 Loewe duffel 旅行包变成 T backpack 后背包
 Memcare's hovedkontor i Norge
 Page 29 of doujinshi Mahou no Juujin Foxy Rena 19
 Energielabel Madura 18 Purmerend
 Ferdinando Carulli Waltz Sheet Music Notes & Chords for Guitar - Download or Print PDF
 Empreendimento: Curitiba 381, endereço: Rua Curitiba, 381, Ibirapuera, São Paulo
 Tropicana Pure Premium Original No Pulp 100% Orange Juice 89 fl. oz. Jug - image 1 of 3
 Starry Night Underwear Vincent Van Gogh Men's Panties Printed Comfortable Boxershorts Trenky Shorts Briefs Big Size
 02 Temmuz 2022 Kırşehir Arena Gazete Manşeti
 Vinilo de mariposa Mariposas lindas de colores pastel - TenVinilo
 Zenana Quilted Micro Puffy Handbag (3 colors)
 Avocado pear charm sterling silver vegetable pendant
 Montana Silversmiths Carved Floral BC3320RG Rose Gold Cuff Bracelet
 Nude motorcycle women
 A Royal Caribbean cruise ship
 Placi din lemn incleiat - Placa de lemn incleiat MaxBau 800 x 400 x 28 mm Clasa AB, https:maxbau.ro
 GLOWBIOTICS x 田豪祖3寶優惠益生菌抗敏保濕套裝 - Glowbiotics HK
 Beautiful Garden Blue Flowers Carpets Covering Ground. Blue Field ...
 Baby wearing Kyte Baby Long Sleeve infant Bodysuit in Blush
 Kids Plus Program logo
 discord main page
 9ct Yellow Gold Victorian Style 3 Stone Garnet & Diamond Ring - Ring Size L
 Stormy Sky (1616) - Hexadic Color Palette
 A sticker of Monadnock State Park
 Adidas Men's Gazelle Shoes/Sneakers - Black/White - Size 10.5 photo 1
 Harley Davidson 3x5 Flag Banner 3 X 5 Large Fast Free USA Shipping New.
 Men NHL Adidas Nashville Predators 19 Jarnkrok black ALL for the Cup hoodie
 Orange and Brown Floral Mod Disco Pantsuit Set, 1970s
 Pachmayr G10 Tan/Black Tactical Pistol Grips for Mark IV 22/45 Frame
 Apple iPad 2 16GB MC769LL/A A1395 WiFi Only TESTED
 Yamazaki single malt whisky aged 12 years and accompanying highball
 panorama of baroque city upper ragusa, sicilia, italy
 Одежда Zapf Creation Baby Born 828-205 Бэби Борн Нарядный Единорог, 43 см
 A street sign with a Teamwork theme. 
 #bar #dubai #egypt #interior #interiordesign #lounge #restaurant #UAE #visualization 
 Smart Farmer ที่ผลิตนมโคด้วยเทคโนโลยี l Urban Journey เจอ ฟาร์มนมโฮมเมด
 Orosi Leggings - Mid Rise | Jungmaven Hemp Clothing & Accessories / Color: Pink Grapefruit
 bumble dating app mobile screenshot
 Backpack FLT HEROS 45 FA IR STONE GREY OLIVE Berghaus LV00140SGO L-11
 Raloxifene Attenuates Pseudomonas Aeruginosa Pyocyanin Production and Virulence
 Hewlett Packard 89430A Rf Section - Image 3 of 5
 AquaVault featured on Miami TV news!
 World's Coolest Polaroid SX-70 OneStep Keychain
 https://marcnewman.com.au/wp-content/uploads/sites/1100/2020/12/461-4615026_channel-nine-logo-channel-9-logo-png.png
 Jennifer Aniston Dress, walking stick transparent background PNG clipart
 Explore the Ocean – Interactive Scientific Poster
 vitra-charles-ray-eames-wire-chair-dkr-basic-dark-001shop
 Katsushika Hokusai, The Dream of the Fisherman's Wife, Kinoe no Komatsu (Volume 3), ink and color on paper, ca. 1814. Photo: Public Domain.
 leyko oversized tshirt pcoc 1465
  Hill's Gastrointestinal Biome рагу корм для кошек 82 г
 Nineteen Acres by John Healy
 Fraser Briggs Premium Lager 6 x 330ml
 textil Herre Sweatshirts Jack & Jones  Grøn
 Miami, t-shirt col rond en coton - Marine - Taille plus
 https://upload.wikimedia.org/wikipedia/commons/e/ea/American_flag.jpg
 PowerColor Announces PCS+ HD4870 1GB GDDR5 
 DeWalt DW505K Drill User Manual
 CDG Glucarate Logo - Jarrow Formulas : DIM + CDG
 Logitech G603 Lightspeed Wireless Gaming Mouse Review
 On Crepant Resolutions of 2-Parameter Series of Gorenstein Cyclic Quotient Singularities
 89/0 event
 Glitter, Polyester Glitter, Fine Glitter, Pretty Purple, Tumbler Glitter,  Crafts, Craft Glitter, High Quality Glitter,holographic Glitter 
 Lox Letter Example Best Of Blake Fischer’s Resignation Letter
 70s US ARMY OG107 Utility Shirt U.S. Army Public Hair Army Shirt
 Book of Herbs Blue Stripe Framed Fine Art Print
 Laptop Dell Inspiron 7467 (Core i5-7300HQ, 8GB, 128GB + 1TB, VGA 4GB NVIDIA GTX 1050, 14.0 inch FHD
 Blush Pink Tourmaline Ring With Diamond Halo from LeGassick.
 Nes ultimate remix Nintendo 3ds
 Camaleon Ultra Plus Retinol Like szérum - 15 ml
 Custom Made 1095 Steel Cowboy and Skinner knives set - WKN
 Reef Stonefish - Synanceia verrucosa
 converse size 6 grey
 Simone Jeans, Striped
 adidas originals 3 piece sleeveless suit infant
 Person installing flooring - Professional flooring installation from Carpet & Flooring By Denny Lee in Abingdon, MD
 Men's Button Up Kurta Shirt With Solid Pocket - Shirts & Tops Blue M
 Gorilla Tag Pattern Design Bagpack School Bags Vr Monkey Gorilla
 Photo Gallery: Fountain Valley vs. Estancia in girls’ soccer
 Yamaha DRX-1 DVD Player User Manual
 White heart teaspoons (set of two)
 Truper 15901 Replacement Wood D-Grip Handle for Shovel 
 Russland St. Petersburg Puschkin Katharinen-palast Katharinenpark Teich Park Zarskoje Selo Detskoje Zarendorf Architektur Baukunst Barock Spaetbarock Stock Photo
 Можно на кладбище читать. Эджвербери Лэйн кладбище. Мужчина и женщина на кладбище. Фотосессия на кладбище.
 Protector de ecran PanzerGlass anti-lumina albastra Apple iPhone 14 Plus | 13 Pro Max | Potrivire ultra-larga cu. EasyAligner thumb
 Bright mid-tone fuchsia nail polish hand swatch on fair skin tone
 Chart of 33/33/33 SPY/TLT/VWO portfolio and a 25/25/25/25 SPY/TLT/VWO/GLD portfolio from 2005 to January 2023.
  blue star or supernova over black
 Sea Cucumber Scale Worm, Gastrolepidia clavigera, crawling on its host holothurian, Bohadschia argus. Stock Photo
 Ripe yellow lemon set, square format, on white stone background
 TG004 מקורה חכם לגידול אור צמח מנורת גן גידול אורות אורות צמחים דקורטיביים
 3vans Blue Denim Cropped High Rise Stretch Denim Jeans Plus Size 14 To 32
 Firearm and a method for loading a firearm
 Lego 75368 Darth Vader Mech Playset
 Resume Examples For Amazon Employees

--------------------------------------------------

**PROBLEM REQUIREMENTS:** Set down the entries above once more, verbatim.

**ANSWER SECTION:**
 Loewe duffel 旅行包变成 T backpack 后背包
 Memcare's hovedkontor i Norge
 Page 29 of doujinshi Mahou no Juujin Foxy Rena 19
 Energielabel Madura 18 Purmerend
 Ferdinando Carulli Waltz Sheet Music Notes & Chords for Guitar - Download or Print PDF
 Empreendimento: Curitiba 381, endereço: Rua Curitiba, 381, Ibirapuera, São Paulo
 Tropicana Pure Premium Original No Pulp 100% Orange Juice 89 fl. oz. Jug - image 1 of 3
 Starry Night Underwear Vincent Van Gogh Men's Panties Printed Comfortable Boxershorts Trenky Shorts Briefs Big Size
 02 Temmuz 2022 Kırşehir Arena Gazete Manşeti
 Vinilo de mariposa Mariposas lindas de colores pastel - TenVinilo
 Zenana Quilted Micro Puffy Handbag (3 colors)
 Avocado pear charm sterling silver vegetable pendant
 Montana Silversmiths Carved Floral BC3320RG Rose Gold Cuff Bracelet
 Nude motorcycle women
 A Royal Caribbean cruise ship
 Placi din lemn incleiat - Placa de lemn incleiat MaxBau 800 x 400 x 28 mm Clasa AB, https:maxbau.ro
 GLOWBIOTICS x 田豪祖3寶優惠益生菌抗敏保濕套裝 - Glowbiotics HK
 Beautiful Garden Blue Flowers Carpets Covering Ground. Blue Field ...
 Baby wearing Kyte Baby Long Sleeve infant Bodysuit in Blush
 Kids Plus Program logo
 discord main page
 9ct Yellow Gold Victorian Style 3 Stone Garnet & Diamond Ring - Ring Size L
 Stormy Sky (1616) - Hexadic Color Palette
 A sticker of Monadnock State Park
 Adidas Men's Gazelle Shoes/Sneakers - Black/White - Size 10.5 photo 1
 Harley Davidson 3x5 Flag Banner 3 X 5 Large Fast Free USA Shipping New.
 Men NHL Adidas Nashville Predators 19 Jarnkrok black ALL for the Cup hoodie
 Orange and Brown Floral Mod Disco Pantsuit Set, 1970s
 Pachmayr G10 Tan/Black Tactical Pistol Grips for Mark IV 22/45 Frame
 Apple iPad 2 16GB MC769LL/A A1395 WiFi Only TESTED
 Yamazaki single malt whisky aged 12 years and accompanying highball
 panorama of baroque city upper ragusa, sicilia, italy
 Одежда Zapf Creation Baby Born 828-205 Бэби Борн Нарядный Единорог, 43 см
 A street sign with a Teamwork theme. 
 #bar #dubai #egypt #interior #interiordesign #lounge #restaurant #UAE #visualization 
 Smart Farmer ที่ผลิตนมโคด้วยเทคโนโลยี l Urban Journey เจอ ฟาร์มนมโฮมเมด
 Orosi Leggings - Mid Rise | Jungmaven Hemp Clothing & Accessories / Color: Pink Grapefruit
 bumble dating app mobile screenshot
 Backpack FLT HEROS 45 FA IR STONE GREY OLIVE Berghaus LV00140SGO L-11
 Raloxifene Attenuates Pseudomonas Aeruginosa Pyocyanin Production and Virulence
 Hewlett Packard 89430A Rf Section - Image 3 of 5
 AquaVault featured on Miami TV news!
 World's Coolest Polaroid SX-70 OneStep Keychain
 https://marcnewman.com.au/wp-content/uploads/sites/1100/2020/12/461-4615026_channel-nine-logo-channel-9-logo-png.png
 Jennifer Aniston Dress, walking stick transparent background PNG clipart
 Explore the Ocean – Interactive Scientific Poster
 vitra-charles-ray-eames-wire-chair-dkr-basic-dark-001shop
 Katsushika Hokusai, The Dream of the Fisherman's Wife, Kinoe no Komatsu (Volume 3), ink and color on paper, ca. 1814. Photo: Public Domain.
 leyko oversized tshirt pcoc 1465
  Hill's Gastrointestinal Biome рагу корм для кошек 82 г
 Nineteen Acres by John Healy
 Fraser Briggs Premium Lager 6 x 330ml
 textil Herre Sweatshirts Jack & Jones  Grøn
 Miami, t-shirt col rond en coton - Marine - Taille plus
 https://upload.wikimedia.org/wikipedia/commons/e/ea/American_flag.jpg
 PowerColor Announces PCS+ HD4870 1GB GDDR5 
 DeWalt DW505K Drill User Manual
 CDG Glucarate Logo - Jarrow Formulas : DIM + CDG
 Logitech G603 Lightspeed Wireless Gaming Mouse Review
 On Crepant Resolutions of 2-Parameter Series of Gorenstein Cyclic Quotient Singularities
 89/0 event
 Glitter, Polyester Glitter, Fine Glitter, Pretty Purple, Tumbler Glitter,  Crafts, Craft Glitter, High Quality Glitter,holographic Glitter 
 Lox Letter Example Best Of Blake Fischer’s Resignation Letter
 70s US ARMY OG107 Utility Shirt U.S. Army Public Hair Army Shirt
 Book of Herbs Blue Stripe Framed Fine Art Print
 Laptop Dell Inspiron 7467 (Core i5-7300HQ, 8GB, 128GB + 1TB, VGA 4GB NVIDIA GTX 1050, 14.0 inch FHD
 Blush Pink Tourmaline Ring With Diamond Halo from LeGassick.
 Nes ultimate remix Nintendo 3ds
 Camaleon Ultra Plus Retinol Like szérum - 15 ml
 Custom Made 1095 Steel Cowboy and Skinner knives set - WKN
 Reef Stonefish - Synanceia verrucosa
 converse size 6 grey
 Simone Jeans, Striped
 adidas originals 3 piece sleeveless suit infant
 Person installing flooring - Professional flooring installation from Carpet & Flooring By Denny Lee in Abingdon, MD
 Men's Button Up Kurta Shirt With Solid Pocket - Shirts & Tops Blue M
 Gorilla Tag Pattern Design Bagpack School Bags Vr Monkey Gorilla
 Photo Gallery: Fountain Valley vs. Estancia in girls’ soccer
 Yamaha DRX-1 DVD Player User Manual
 White heart teaspoons (set of two)
 Truper 15901 Replacement Wood D-Grip Handle for Shovel 
 Russland St. Petersburg Puschkin Katharinen-palast Katharinenpark Teich Park Zarskoje Selo Detskoje Zarendorf Architektur Baukunst Barock Spaetbarock Stock Photo
 Можно на кладбище читать. Эджвербери Лэйн кладбище. Мужчина и женщина на кладбище. Фотосессия на кладбище.
 Protector de ecran PanzerGlass anti-lumina albastra Apple iPhone 14 Plus | 13 Pro Max | Potrivire ultra-larga cu. EasyAligner thumb
 Bright mid-tone fuchsia nail polish hand swatch on fair skin tone
 Chart of 33/33/33 SPY/TLT/VWO portfolio and a 25/25/25/25 SPY/TLT/VWO/GLD portfolio from 2005 to January 2023.
  blue star or supernova over black
 Sea Cucumber Scale Worm, Gastrolepidia clavigera, crawling on its host holothurian, Bohadschia argus. Stock Photo
 Ripe yellow lemon set, square format, on white stone background
 TG004 מקורה חכם לגידול אור צמח מנורת גן גידול אורות אורות צמחים דקורטיביים
 3vans Blue Denim Cropped High Rise Stretch Denim Jeans Plus Size 14 To 32
 Firearm and a method for loading a firearm
 Lego 75368 Darth Vader Mech Playset
 Resume Examples For Amazon Employees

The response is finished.